I had a bunch of "RTR" brands when I was a kid in the 70's. Life Like was by far the worse. Tyco wasn't bad and early Bachman was pretty good. I do remember Cox rolling stock was pretty good quality for the price.


----------



## tkruger (Jan 18, 2009)

I have made seveal of the Tyco and Mantua box cars into good runners. Just add weight, upgrade to metal wheels and body mount the couplers. Event without body mounting the couplers they will work OK. Some new cheep Model Power cars need the same thing. Why do this? Well there are some cars in paint schemes that no-one else has, or were cars from when I was a kid. More importantly why not?


----------



## LateStarter (Mar 12, 2016)

mopac said:


> If you want, change the trucks to accurail trucks. About a buck a pair.

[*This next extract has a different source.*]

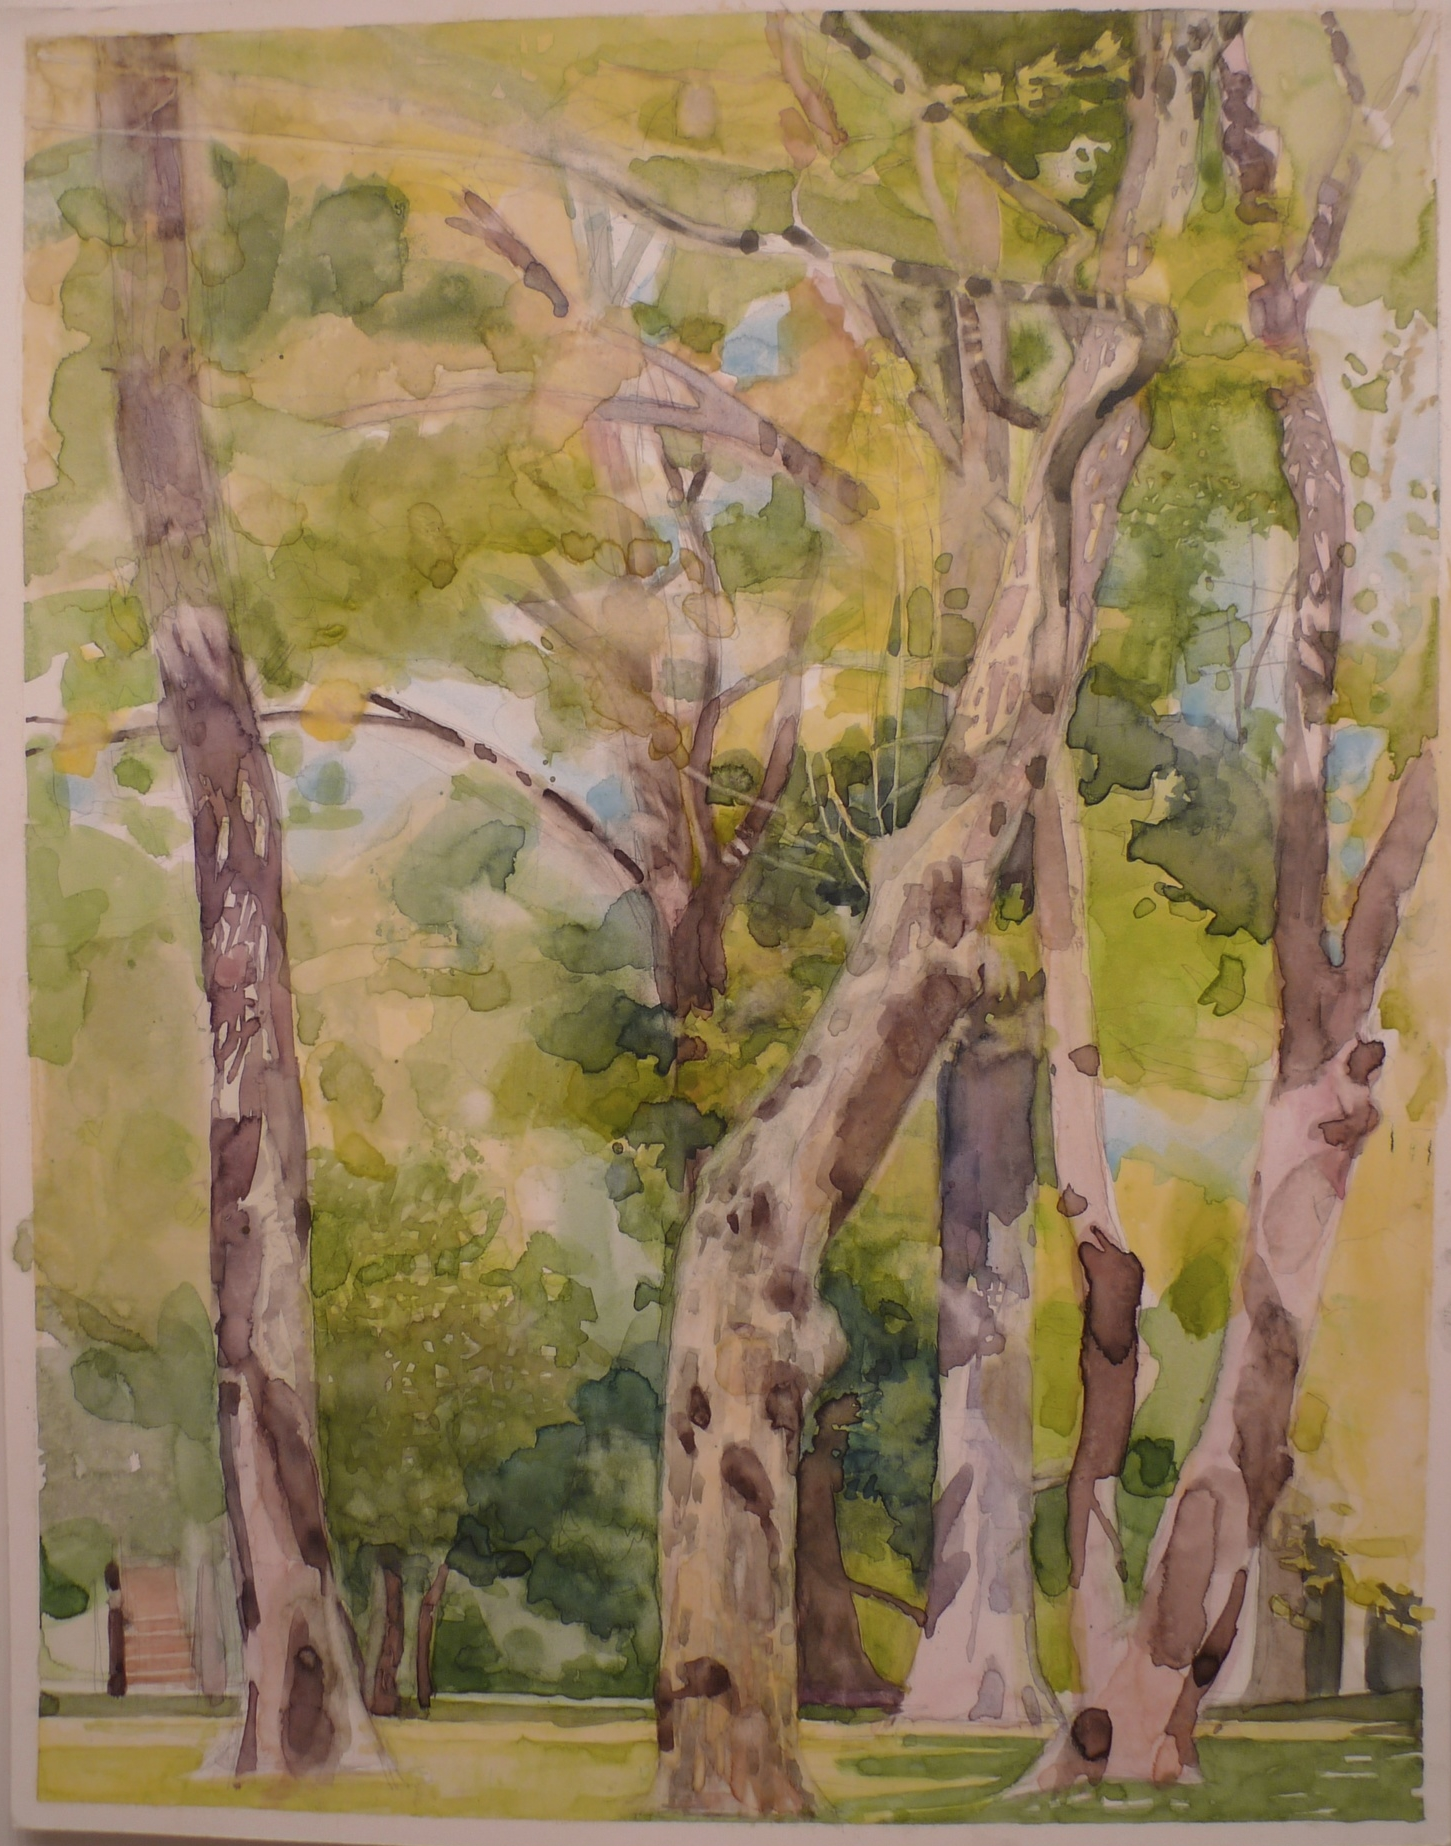 Watercolor on Paper 11 x 14 inches Tarek Ashkar,2008

Accurail trucks are excellent. I put them on a miserable-rolling Varney refer, and it cured the wiggles. ExactRail are also very good, but expensive.


----------



## Cycleops (Dec 6, 2014)

Hello coming round the bend and welcome. Have you thought about the fact that it may not be the cars that are causing the details but the track? Where are they happening? Get down and close to the spot where it happens and see what's going on.


----------



## cv_acr (Oct 28, 2011)

CTValleyRR said:


> Welcome to the hobby and the forums!
> 
> I have never bought a bum product with the Walthers name on it (although technically LifeLike is Walthers).

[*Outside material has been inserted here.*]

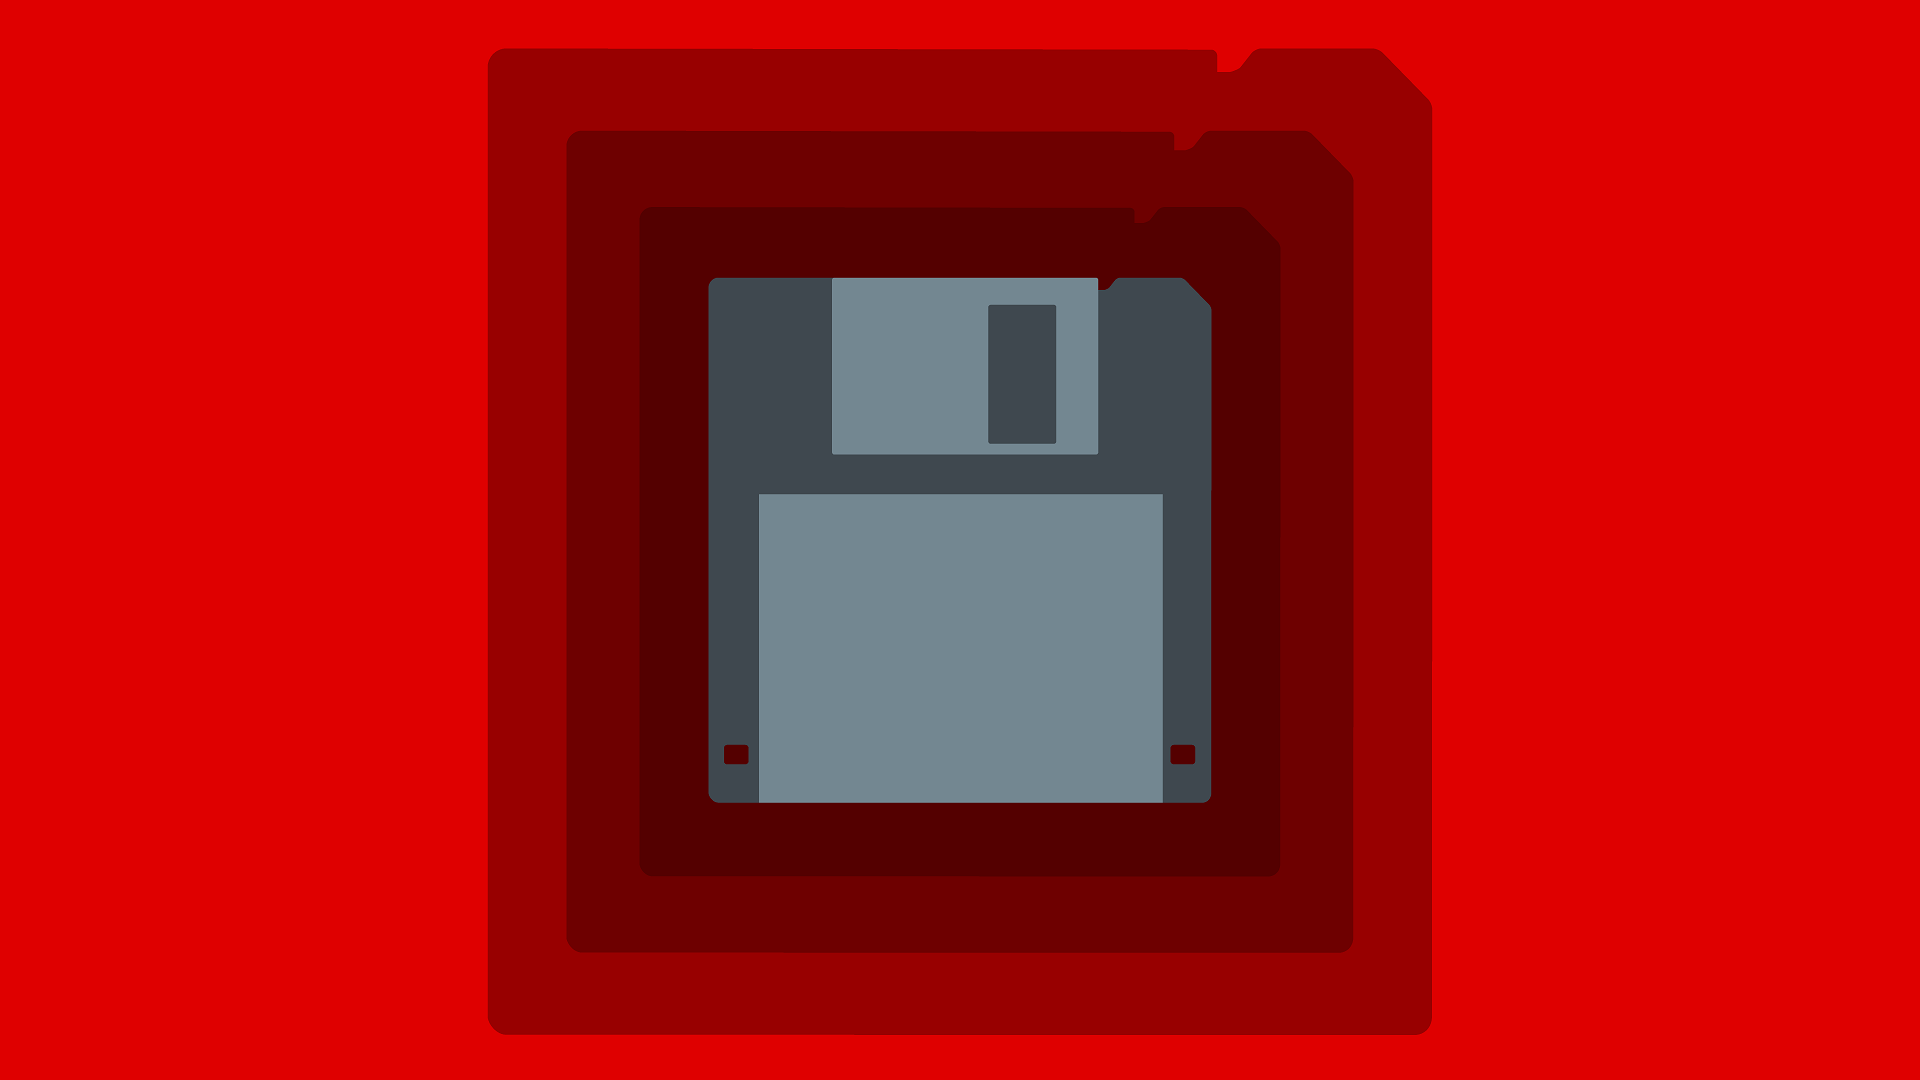 quicksave banner no text 1080p

It is now, for about the last 10+ years, but the older Life-Like cars pre-date Walthers.

After the acquisition, Walthers kept the "Proto" series name that Life-Like had introduced for their better, non-train set cars, but that became "Walthers Proto" and the Life-Like name disappeared - though it might still be used for a line of cheap scenic details.


----------



## CTValleyRR (Jul 26, 2014)

cv_acr said:


> It is now, for about the last 10+ years, but the older Life-Like cars pre-date Walthers.
> 
> After the acquisition, Walthers kept the "Proto" series name that Life-Like had introduced for their better, non-train set cars, but that became "Walthers Proto" and the Life-Like name disappeared - though it might still be used for a line of cheap scenic details.


Yes, that's exactly why I phrased my comment the way I did. "Proto 2000" became "Walthers Proto"; "Proto 1000" became "Walthers Mainline", and Trainline has always been Trainline, at least for the last 15 or so years.

LifeLike is bargain basement stuff: cheap, but not high quality. I'm not counting that in the Walthers line up.


----------



## LateStarter (Mar 12, 2016)

I'm a fan of the Walthers Proto line.
But I'm biased -- they offer an excellent R-T-R Southern Pacific caboose with very good quality.
Although I picked up an Athern at a better price, I'll be looking to grab the Walthers as soon as it's available.


----------



## Navarre (Mar 17, 2016)

How many people know that life like left the train business to concentrate on there other product line.....

Styrofoam coolers. 

Next time you see a styrofoam cooler look closely it almost always says Lifoam on it. 
That is the lifelike brand of coolers. 


Sent from my iPhone using Tapatalk


----------



## CTValleyRR (Jul 26, 2014)

Navarre said:


> How many people know that life like left the train business to concentrate on there other product line.....
> 
> Styrofoam coolers.
> 
> ...


I do, I do!!!!


----------



## santafewillie (Feb 13, 2016)

Navarre said:


> How many people know that life like left the train business to concentrate on there other product line.....
> 
> Styrofoam coolers.
> 
> ...


 Foam coolers were their initial business before getting into model trains in the late 60's. 
https://en.wikipedia.org/wiki/Life-Like
Willie


----------



## Cycleops (Dec 6, 2014)

santafewillie said:


> Foam coolers were their initial business before getting into model trains in the late 60's.
> https://en.wikipedia.org/wiki/Life-Like
> Willie


Bit seasonal, coolers.


----------



## Old_Hobo (Feb 20, 2014)

That's a big jump...from foam coolers to model trains....maybe they heard that trains were "cool", so they made the jump back then....


----------



## cv_acr (Oct 28, 2011)

The initial jump was from foam coolers to cheap foam tunnels and similar 'scenic' items. Not that much of a stretch.

Expanded from there.


----------